Apparently, our "new" plan isn't working that well, because I am talking lesser and lesser and lesser to Dearie. Our smses are getting lesser and lesser too. I have been immersely myself completely in work that honestly, I haven't been thinking much about him. At times, I feel that my patients have become more impt than him, which honestly, isn't good and if he does know abt this, I'm sure he'll feel really hurt. I mean, I used to feel disappointed when I don't get to talk to him in the evening, but now, I'm giving it up for my patients, and these few days, I've gotten so engrossed in my job that there are times I almost forgot to call him. To my surprise, when he couldn't talk to me the entire day today, I didn't even grumble.

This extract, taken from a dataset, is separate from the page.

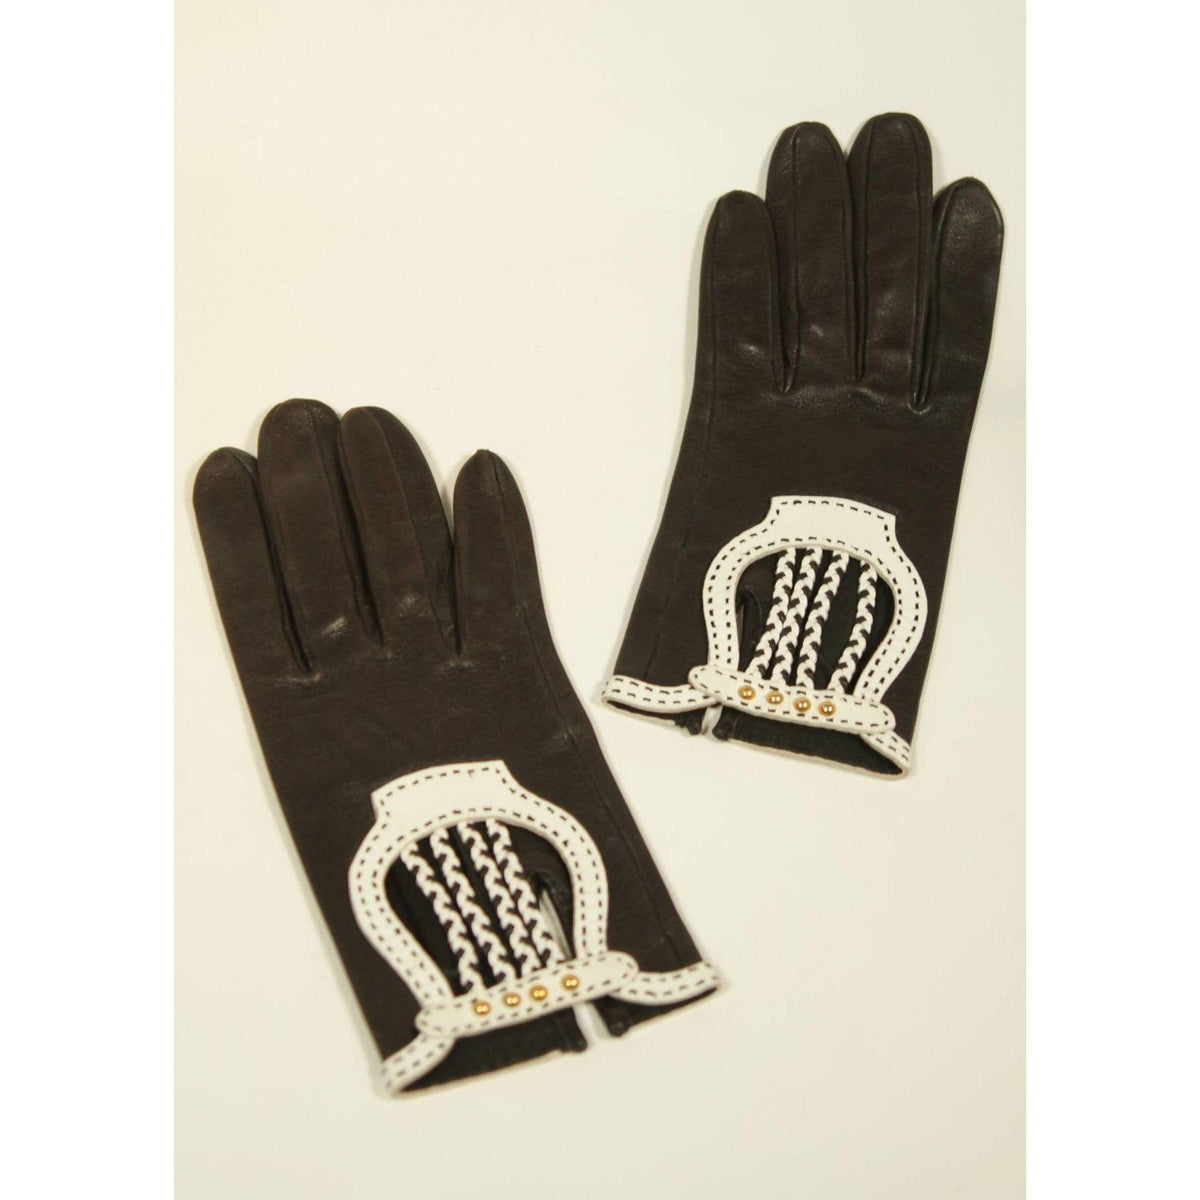 Pre-Owned HERMES Black Leather Gloves with White Accents | Size 6 1/2 - theREMODA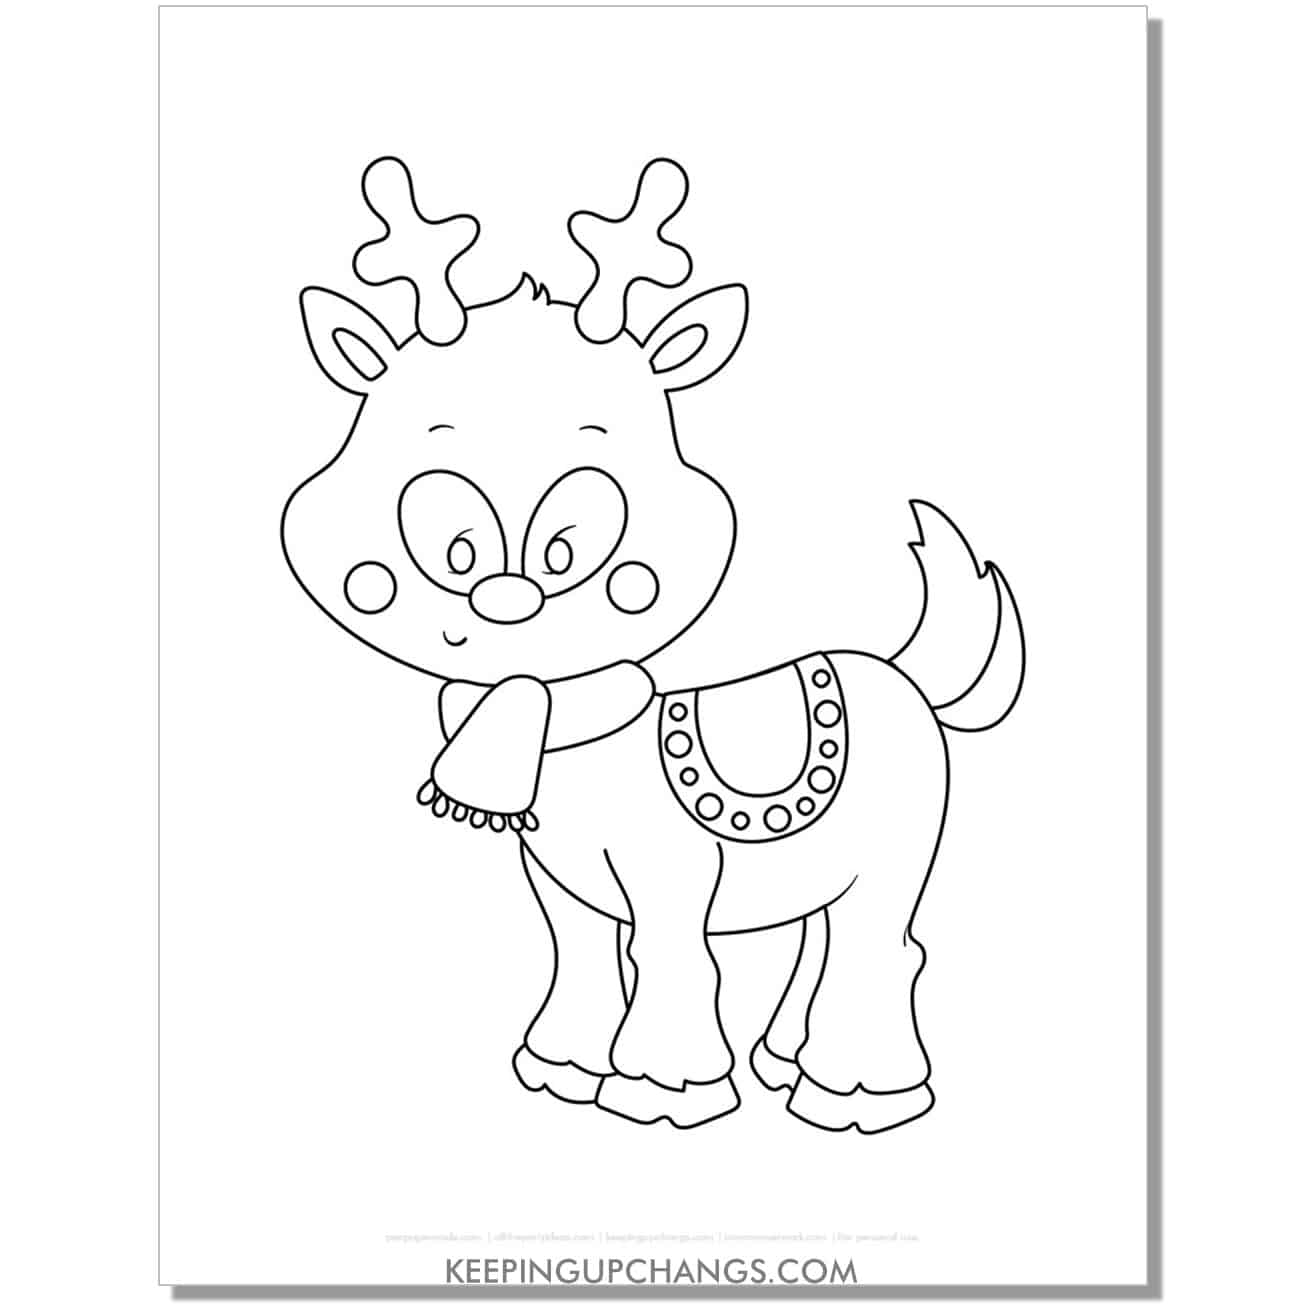 free adorable reindeer coloring page.

I spent my Friday evening and Saturday in the hospital. Nope, I'm not on call. Clad in jeans, I streamed in to do patient discharge letters, and to study my patients' notes in detail. The ward round on Thurs was traumatising, and I felt a greater need to push myself to work even harder. I knew my patients well enough to present them on ward rounds, but because my Consultant was questioning me about investigations and past admissions into hospitals abt certain patients (which could have well been 5 yrs ago) and I couldn't answer them, I felt very very demoralised. It felt like as if all my hard work over these many weeks were down the drain. It is said by my seniors that even if I work myself dead, I will never be able to satisfy my Consultant because she digs into everything into the most minor detail, so they advised me to just ignore and enjoy my weekend. However, I've decided to take Thursday's lesson positively. Hence, I was determined to read every patient file in detail, remembering as much as I can about what happened numerous years ago with every patient.
Had a private meeting with my Consultant on Friday, and I did tell her that I was traumatised by Thurs' ward round. I was worried that she's upset and will think that I'm incompetent. But to my surprise, she praised me for being an organised and efficient House Officer. She told me many things which I will remember throughout my career. I learnt that being critical is the best way to learn, because it will help me sink into every case and dig into minor details which can be very important, and that will aid my learning with time. My Consultant's a perfectionist, and I'm sure that even though she's training me really hard, it will benefit me in the future, hence, I'm actually feeling very very grateful for having her guide and pushing me to a higher level of competency. I'm sure it will not be a problem for me to handle any Consultant in future if I can reach her high standards of demand.
Spent the entire Saturday typing out a proper patient list for me to bring to the hospital everyday. It's quite a long list, definitely not as concise as the nurses' list, because I prefer it to be concise, yet rather comprehensive in a way. It's even got all the details of the investigations my patient had several years ago...lol...so in case my Consultant shoots me a question, I can be ready to answer it confidently.
Did my research for my upcoming presentation too. Topic was boring, but after reading it, I find it rather interesting and very informative! Have learnt quite a great deal, and hopefully my Consultants will be impressed by it.